Section 6 however of the same rule provides :

“[or] any other reason justifying relief from the operation of the judgment.”

In the case of In re Casco Chemical Company, 335 F.2d 645 (5th Ct.App. 1964) Judge Brown, discussing Rule 60(b) said:

“Of course a Rule 60(b) proceeding by motion or independent action calls for a delicate adjustment between the desirability of finality and the prevention of injustice.”

Also consider footnote #18 of that case:

“In the process of this exploration it should be kept in mind that Rule 60(b) *570is to be given liberal construction. United States v. Gould, 5th Cir., 1962, 301 F.2d 353. Michigan Surety Company v.
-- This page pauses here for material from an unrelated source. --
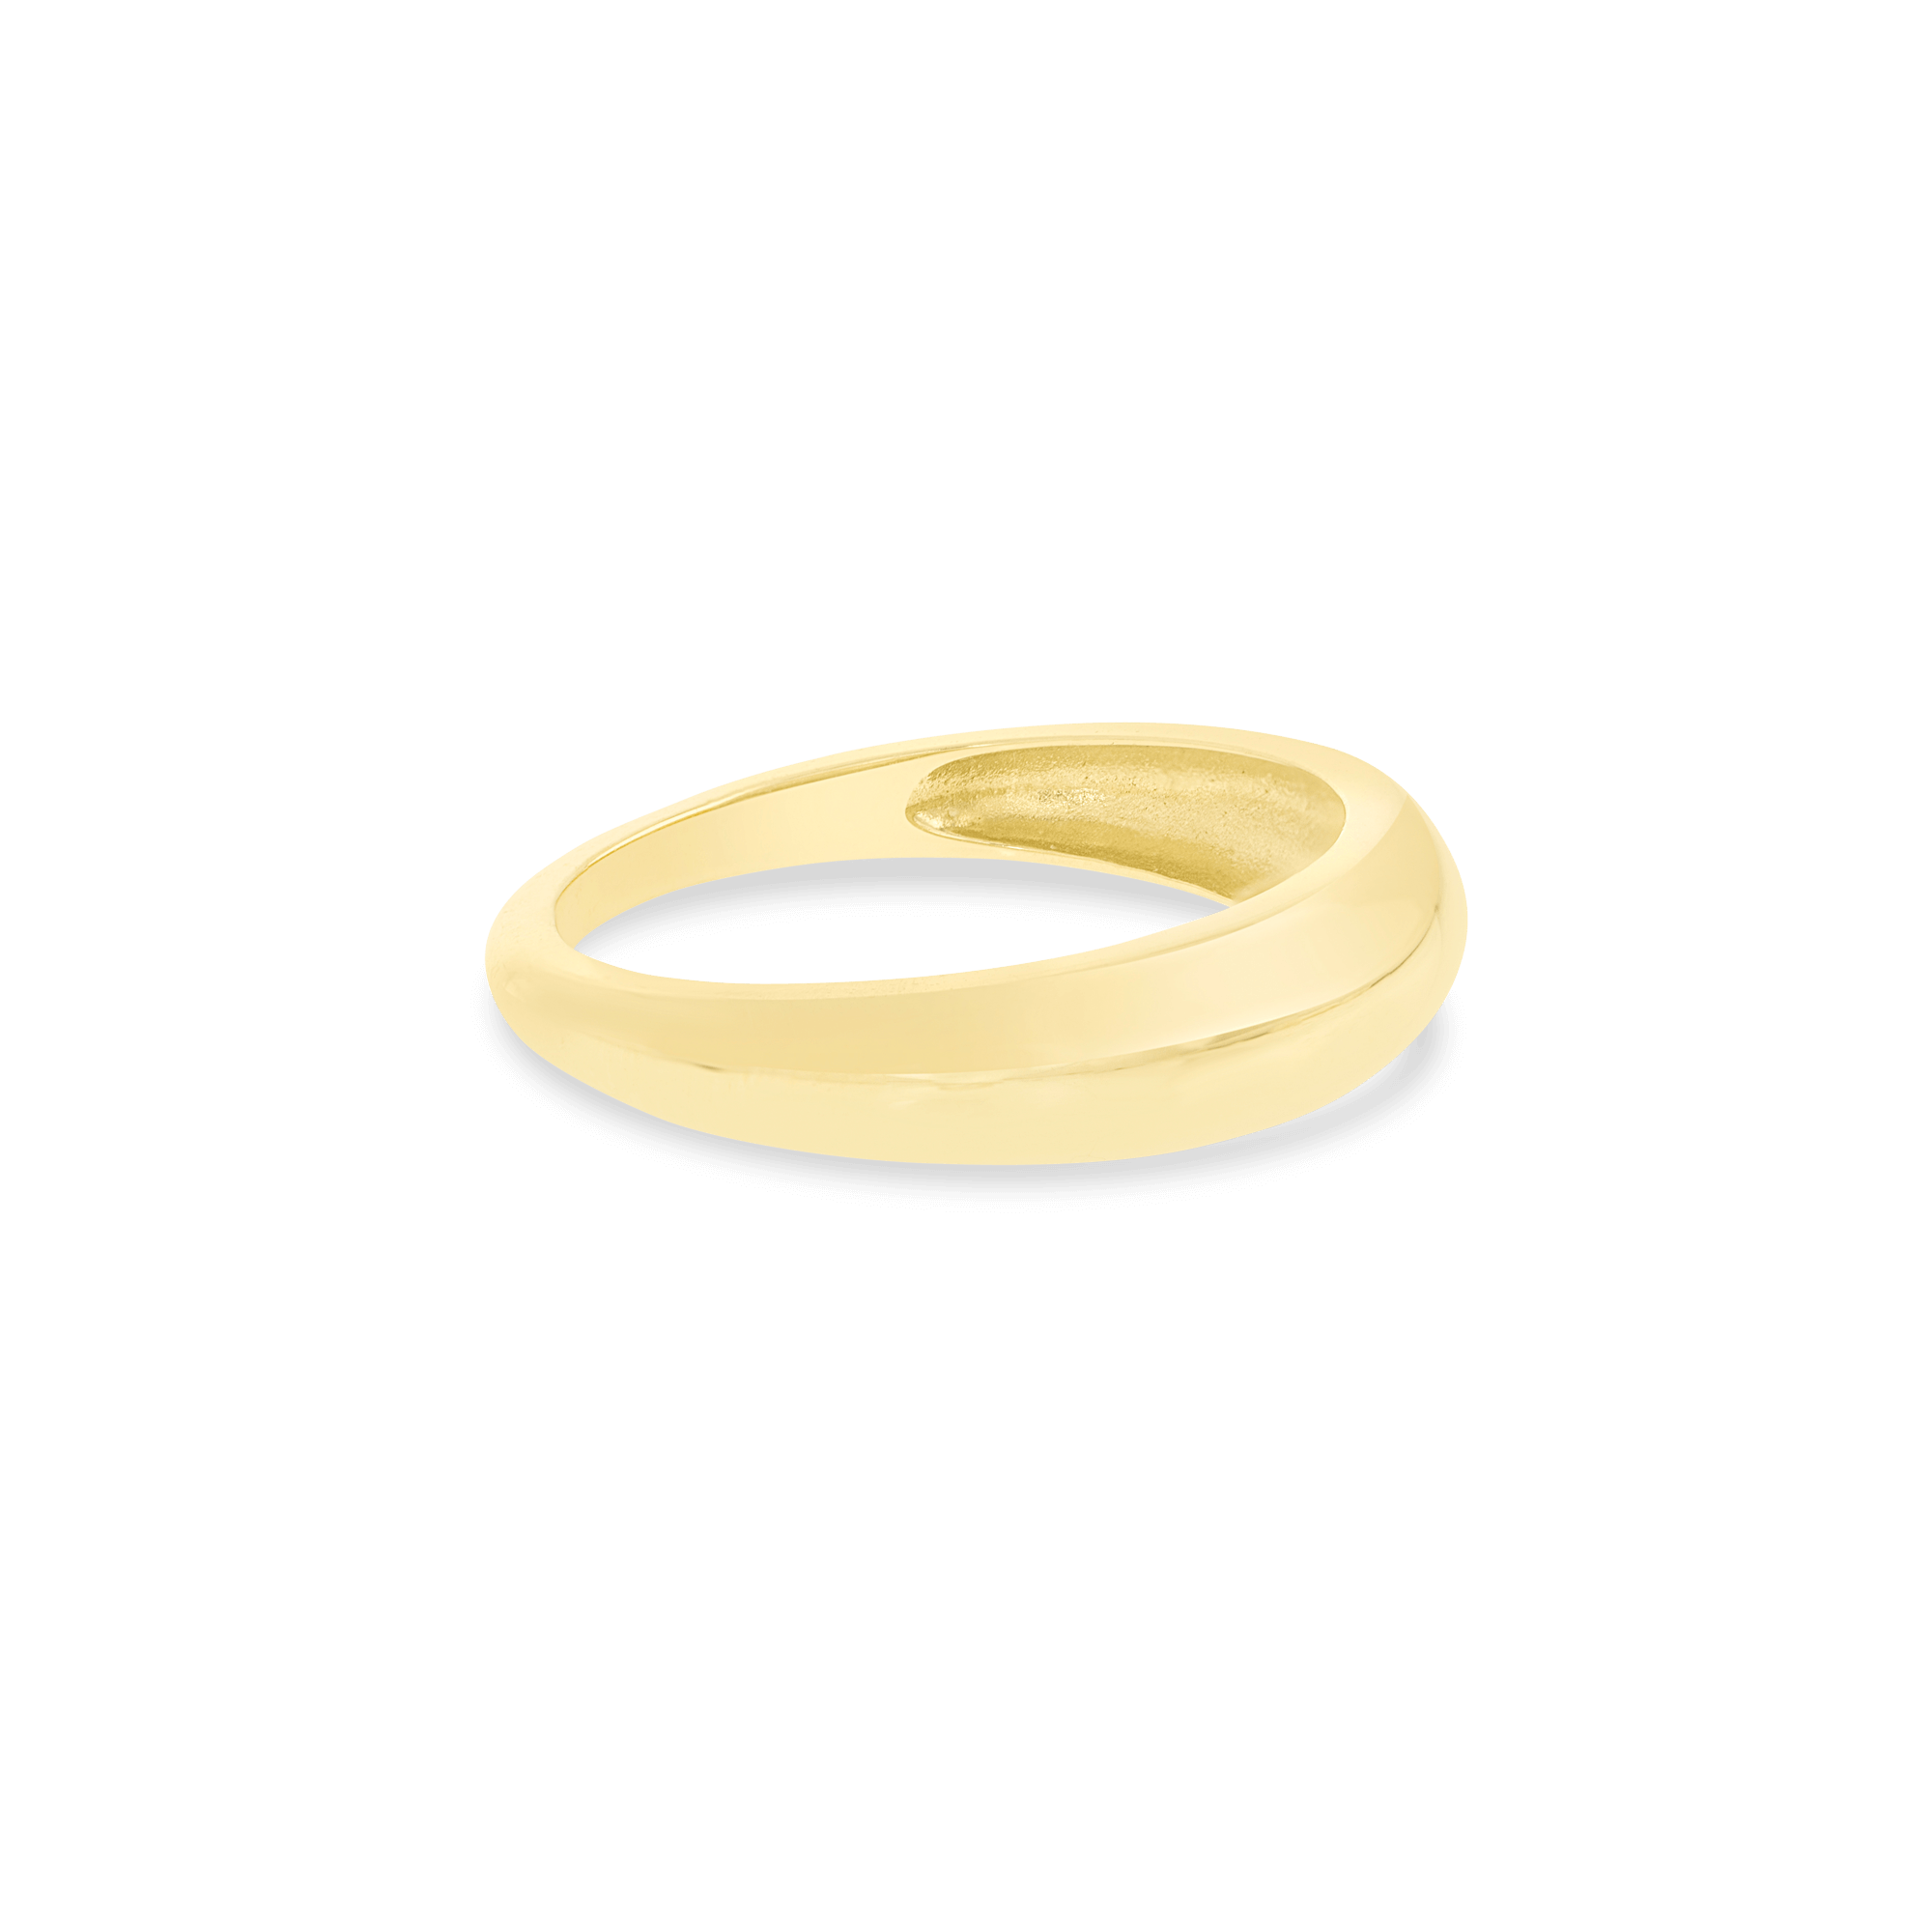 tanishq jewellery rings designs

Service Machinery Corp., 277 F.2d 531 (5th Cir., 1960); Serio v. Badger Mut. Ins. Co., 266 F.2d 418 (5th Cir., 1959) cert. denied, 361 U.S. 382, 80 S.Ct. 81, 4 L.Ed.2d 73; 3 Barron & Holtzoff § 1332(n) 9 (Wright Supp. 1963).”

Thus this Court may grant relief to King Brothers Construction Company, Inc. from the September 2, 1966 judgment' and the question now is whether they are entitled to relief and if so to what extent.

While the question of the power of this Court to grant the motion is one of law, the grant or denial of the motion is addressed to the sound discretion of the Court guided by accepted legal principles applied in light of all the circumstances. Moore Fed. Practice, Sec. 60.27(1).

I do not find that the mover has established that Richard A. King was not in the employ of King Brothers Construction Company, Inc. prior to July 12, 1965. The auditor’s report submitted and the auditor’s testimony based on his report are not in themselves determinative of that fact.

I do however find that Richard A. King has not been employed by King Brothers Construction Company, Inc. since July 12, 1965, the date Roy Gottlieb was duly appointed as liquidator. Thus the requisite garnishee-principal debtor relationship having terminated on July 12, 1965, the liability of King Brothers Construction Company in Liquidation as garnishee was likewise interrupted on that date. Julius Aaron and Son v. Berry, supra.

Therefore, the supplemental judgment of September 2, 1966 in favor of American Employers Insurance Company et al and against King Brothers Construction Company, Inc. in the amount of $7,812.88 with interest at the rate of 5% will be modified and amended by reducing the amount of said judgment to the sum of $2,396.32, with interest at the rate of 5% from September 2, 1966 until paid.

All other provisions of the September 2, 1966 supplemental judgment and order are to remain in full force and effect.

Judgment will be entered accordingly.

. This accrued amount, $7,886.40 included payments which had accrued with regard to the Sirloin Room, Inc. which was also made a garnishee in the September 30, 1964 judgment but who are not before the court in the instant motion.